On August 10, 2009, the Company entered into a Letter of Intent with Atwood Minerals and Mining Corp., (“Atwood”) an OTC BB issuer (symbol “AWMM”) regarding a reverse merger transaction (the “Transaction”) among the Company, Atwood, and Phreadz USA, LLC (“Phreadz”).
On January 29, 2010 A Notice of Termination Letter of Intent was received for the December 31, 2009 expiry of the August 10, 2009 Letter of Intent with Atwood. A liquidating fee of $7,500 was paid to Atwood by the August 10, 2009 LOI.
On February 18, 2010 the Company entered into a further LOI with Atwood.
5. Subsequent events
On March 29, 2010 by resolution the Membership interest capital was increased to 27,074 units authorized, with 3,614 further units issued for a total issued and outstanding of 27,074 member units.

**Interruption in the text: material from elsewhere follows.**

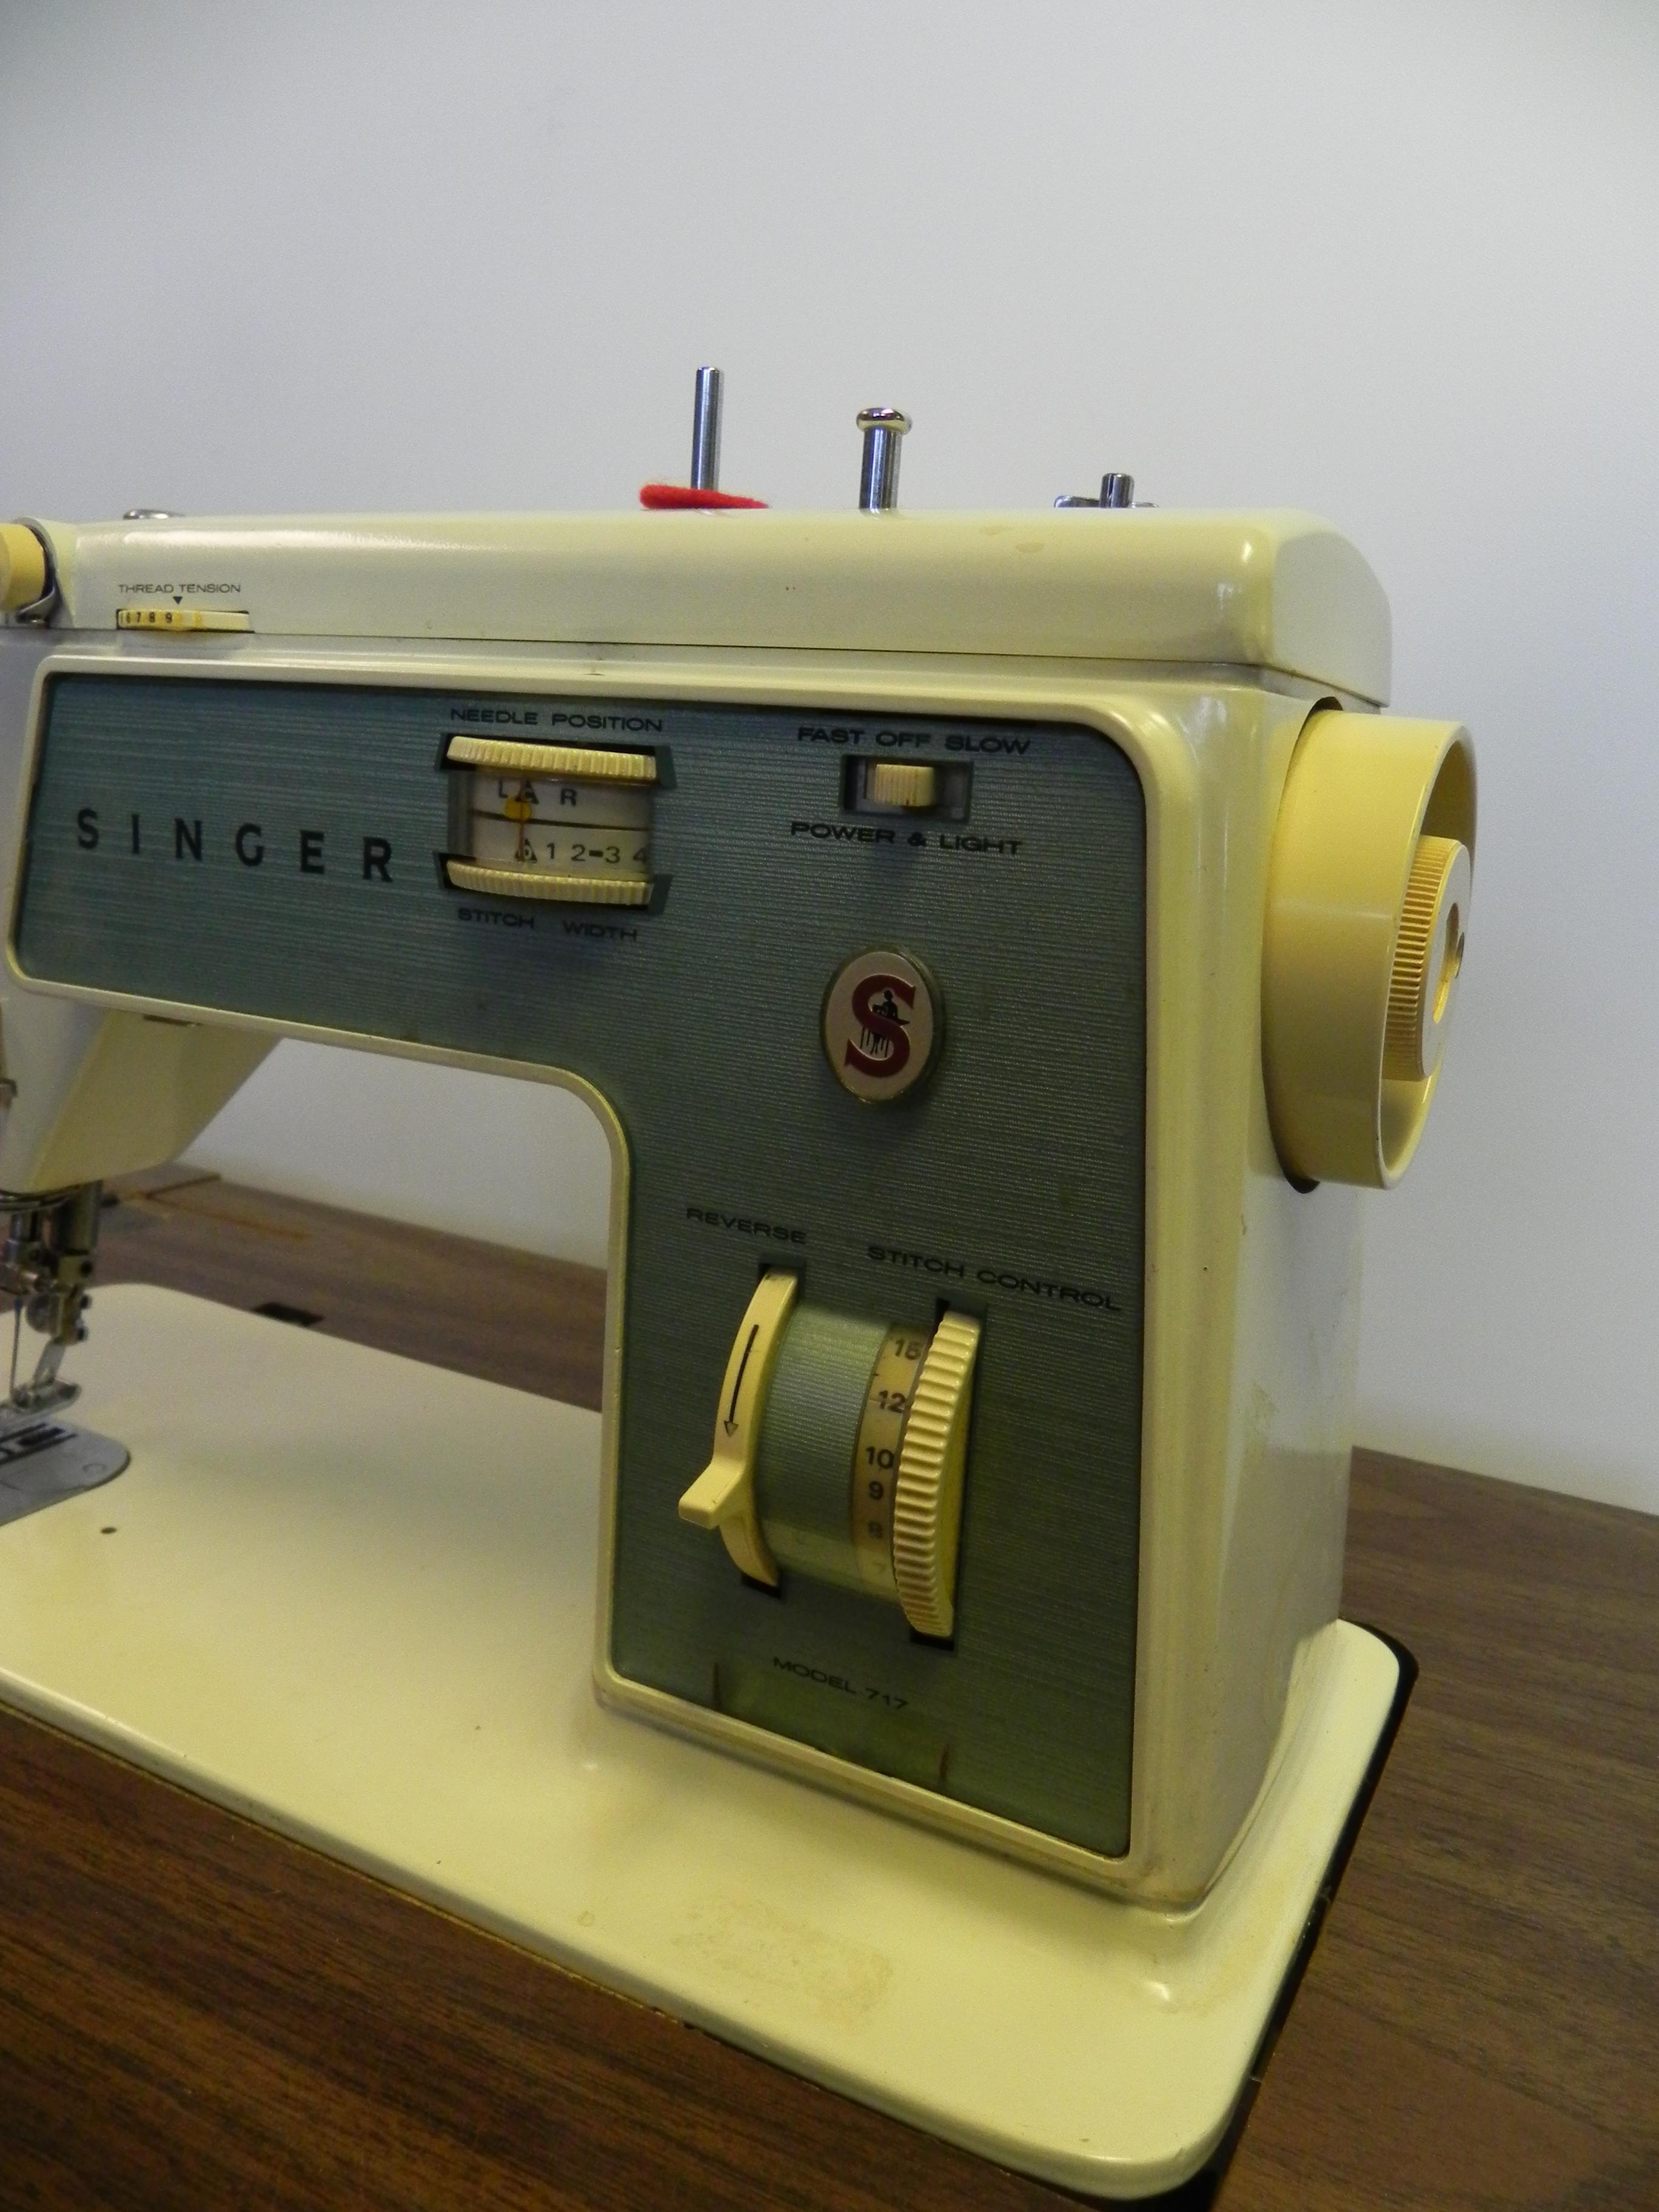 singer sewing machine model 717

On March 18, 2010 a Note Payable was executed with a related party.The note was for $5,000 with a maturity date of June 30, 2010 and carries an 8% per annum interest rate. Additionally the lender agreed to forgive $3,500 if a reverse merger transaction was completed prior to June 30, 2010.
PHREADZ USA, LLC
(A development-stage company)
Notes to Financial Statements
5. Subsequent events (continued)
On March 23, 2010 with funds received a Note Payable was executed for $5,000 with a maturity date of June 30, 2010 and carries an 8% per annum interest rate. Additionally the lender agreed to forgive $3,500 if a reverse merger transaction was completed prior to June 30, 2010.

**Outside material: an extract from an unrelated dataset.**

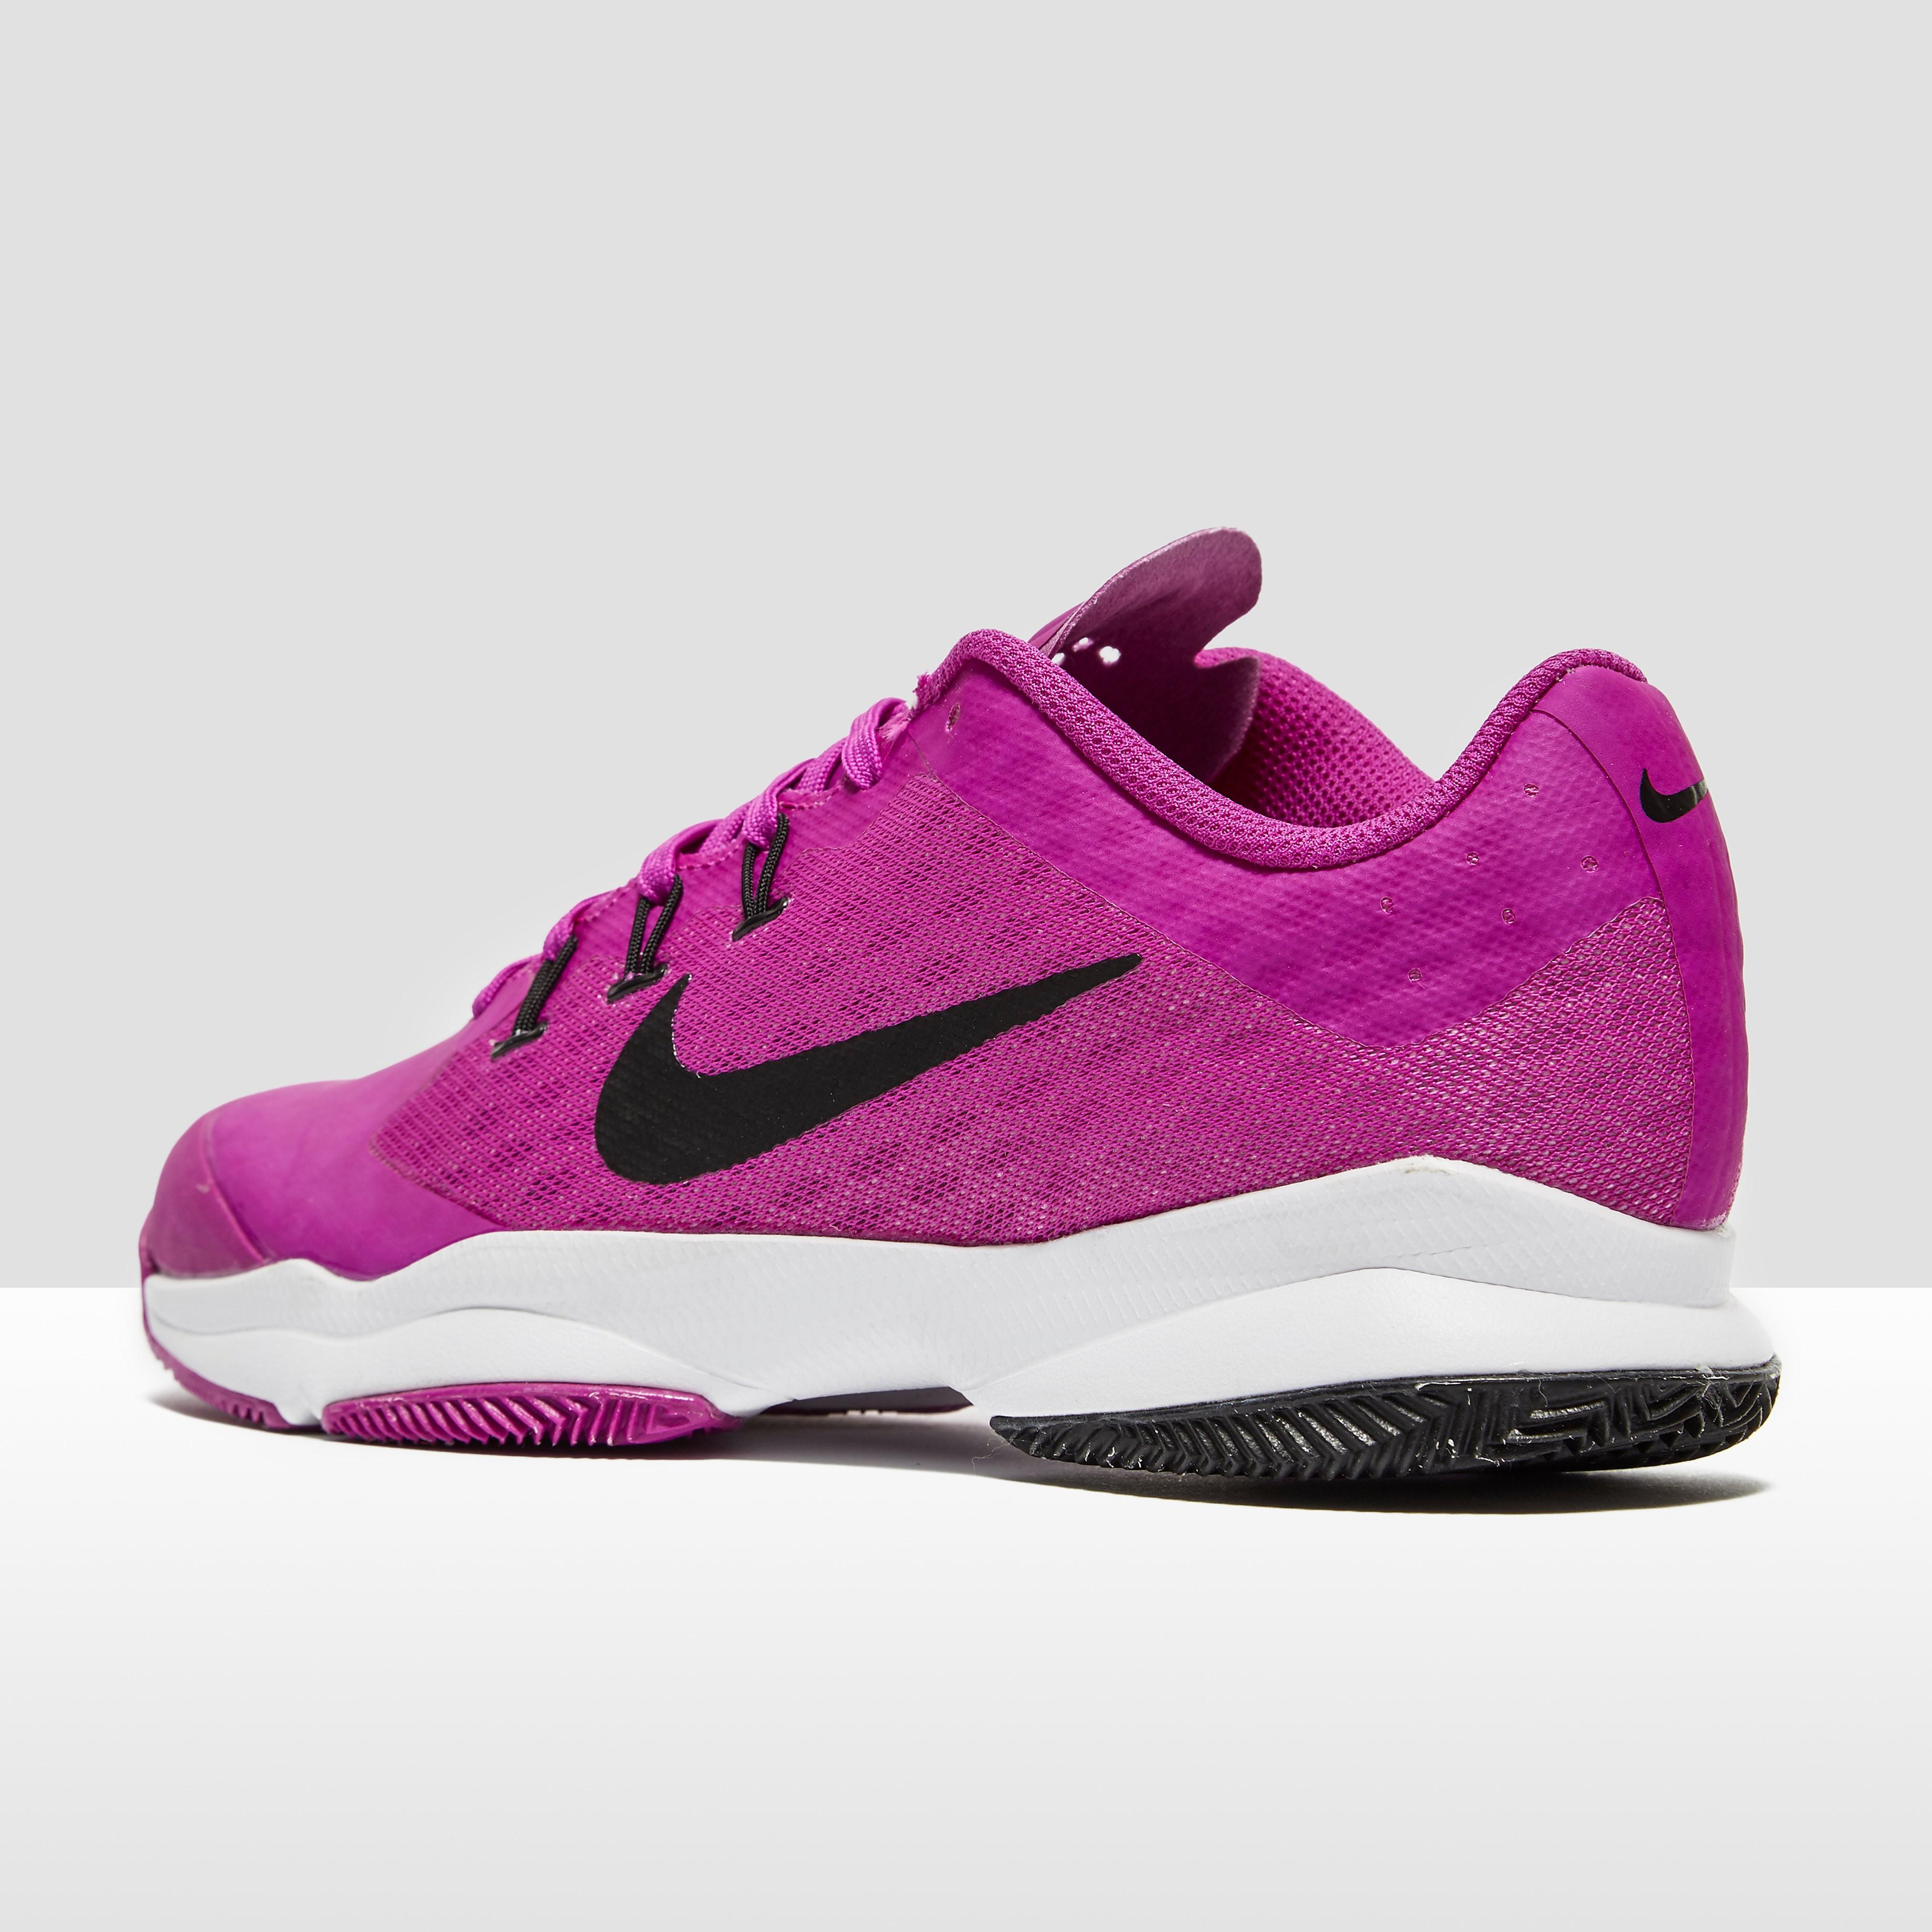 Nike Air Zoom Ultra Women's Tennis Shoes

On March 23, 2010, $85,000 was received into an associated company with common members, UDM USA, LLC., and a Secured Promissory Note, a Subscription Agreement and an Intellectual Property Security Agreement (collectively “the Agreements”) was executed for $85,000. Phreadz USA, LLC received no proceeds from this $85,000. Phreadz USA, LLC is a party to the Agreements and contingently liable. The Secured Promissory Note carries an 8% annual interest rate, maturing June 30, 2010, and was entered into pursuant to the terms of the Subscription Agreement. The Subscription Agreement grants the right to the lender to receive $85,000 of an amount of securities in any subsequent equity financing on the same terms of a subsequent financing with no further consideration to the resultant issuer on the basis that a reverse merge transaction is completed prior to June 30, 2010. The Intellectual Property Security Agreement grants the lender a first priority security interest over certain Software Intellectual Property.
On March 25, 2010 a Note Payable was executed with funds received on March 26, 2010. The note was for $50,000 with a maturity date of June 30, 2010 and carries an 8% per annum interest rate.